Retype every entry below without altering anything.
+++
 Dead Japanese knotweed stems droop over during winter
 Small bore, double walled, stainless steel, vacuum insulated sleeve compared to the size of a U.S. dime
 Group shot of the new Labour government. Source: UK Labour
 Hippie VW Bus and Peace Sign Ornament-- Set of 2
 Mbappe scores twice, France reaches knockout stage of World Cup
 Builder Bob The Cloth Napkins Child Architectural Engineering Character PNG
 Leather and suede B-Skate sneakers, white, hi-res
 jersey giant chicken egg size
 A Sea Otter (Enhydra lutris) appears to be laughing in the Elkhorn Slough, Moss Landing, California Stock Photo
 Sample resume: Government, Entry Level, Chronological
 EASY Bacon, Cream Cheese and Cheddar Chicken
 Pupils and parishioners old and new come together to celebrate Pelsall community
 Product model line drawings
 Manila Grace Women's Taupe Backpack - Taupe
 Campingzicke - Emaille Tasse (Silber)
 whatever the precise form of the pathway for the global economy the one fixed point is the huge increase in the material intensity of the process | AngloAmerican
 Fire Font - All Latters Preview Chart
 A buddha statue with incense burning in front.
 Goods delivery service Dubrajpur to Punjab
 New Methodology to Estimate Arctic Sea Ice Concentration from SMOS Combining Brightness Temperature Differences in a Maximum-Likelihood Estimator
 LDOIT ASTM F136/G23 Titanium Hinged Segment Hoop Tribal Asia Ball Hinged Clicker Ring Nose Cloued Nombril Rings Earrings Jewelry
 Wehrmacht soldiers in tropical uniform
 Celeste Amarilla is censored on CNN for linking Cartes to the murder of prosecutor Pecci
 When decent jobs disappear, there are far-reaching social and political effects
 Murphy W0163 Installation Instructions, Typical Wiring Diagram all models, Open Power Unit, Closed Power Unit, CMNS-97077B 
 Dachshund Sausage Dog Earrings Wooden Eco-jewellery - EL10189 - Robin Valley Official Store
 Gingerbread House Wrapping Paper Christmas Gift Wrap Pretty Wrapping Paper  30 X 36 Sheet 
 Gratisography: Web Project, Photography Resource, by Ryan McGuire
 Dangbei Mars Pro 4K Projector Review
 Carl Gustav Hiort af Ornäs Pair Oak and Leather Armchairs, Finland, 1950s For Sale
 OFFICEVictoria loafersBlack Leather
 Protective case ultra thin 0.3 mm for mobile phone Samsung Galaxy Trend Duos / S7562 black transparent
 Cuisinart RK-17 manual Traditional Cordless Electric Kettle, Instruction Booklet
+++
Reply to the exercise -
 Dead Japanese knotweed stems droop over during winter
 Small bore, double walled, stainless steel, vacuum insulated sleeve compared to the size of a U.S. dime
 Group shot of the new Labour government. Source: UK Labour
 Hippie VW Bus and Peace Sign Ornament-- Set of 2
 Mbappe scores twice, France reaches knockout stage of World Cup
 Builder Bob The Cloth Napkins Child Architectural Engineering Character PNG
 Leather and suede B-Skate sneakers, white, hi-res
 jersey giant chicken egg size
 A Sea Otter (Enhydra lutris) appears to be laughing in the Elkhorn Slough, Moss Landing, California Stock Photo
 Sample resume: Government, Entry Level, Chronological
 EASY Bacon, Cream Cheese and Cheddar Chicken
 Pupils and parishioners old and new come together to celebrate Pelsall community
 Product model line drawings
 Manila Grace Women's Taupe Backpack - Taupe
 Campingzicke - Emaille Tasse (Silber)
 whatever the precise form of the pathway for the global economy the one fixed point is the huge increase in the material intensity of the process | AngloAmerican
 Fire Font - All Latters Preview Chart
 A buddha statue with incense burning in front.
 Goods delivery service Dubrajpur to Punjab
 New Methodology to Estimate Arctic Sea Ice Concentration from SMOS Combining Brightness Temperature Differences in a Maximum-Likelihood Estimator
 LDOIT ASTM F136/G23 Titanium Hinged Segment Hoop Tribal Asia Ball Hinged Clicker Ring Nose Cloued Nombril Rings Earrings Jewelry
 Wehrmacht soldiers in tropical uniform
 Celeste Amarilla is censored on CNN for linking Cartes to the murder of prosecutor Pecci
 When decent jobs disappear, there are far-reaching social and political effects
 Murphy W0163 Installation Instructions, Typical Wiring Diagram all models, Open Power Unit, Closed Power Unit, CMNS-97077B 
 Dachshund Sausage Dog Earrings Wooden Eco-jewellery - EL10189 - Robin Valley Official Store
 Gingerbread House Wrapping Paper Christmas Gift Wrap Pretty Wrapping Paper  30 X 36 Sheet 
 Gratisography: Web Project, Photography Resource, by Ryan McGuire
 Dangbei Mars Pro 4K Projector Review
 Carl Gustav Hiort af Ornäs Pair Oak and Leather Armchairs, Finland, 1950s For Sale
 OFFICEVictoria loafersBlack Leather
 Protective case ultra thin 0.3 mm for mobile phone Samsung Galaxy Trend Duos / S7562 black transparent
 Cuisinart RK-17 manual Traditional Cordless Electric Kettle, Instruction Booklet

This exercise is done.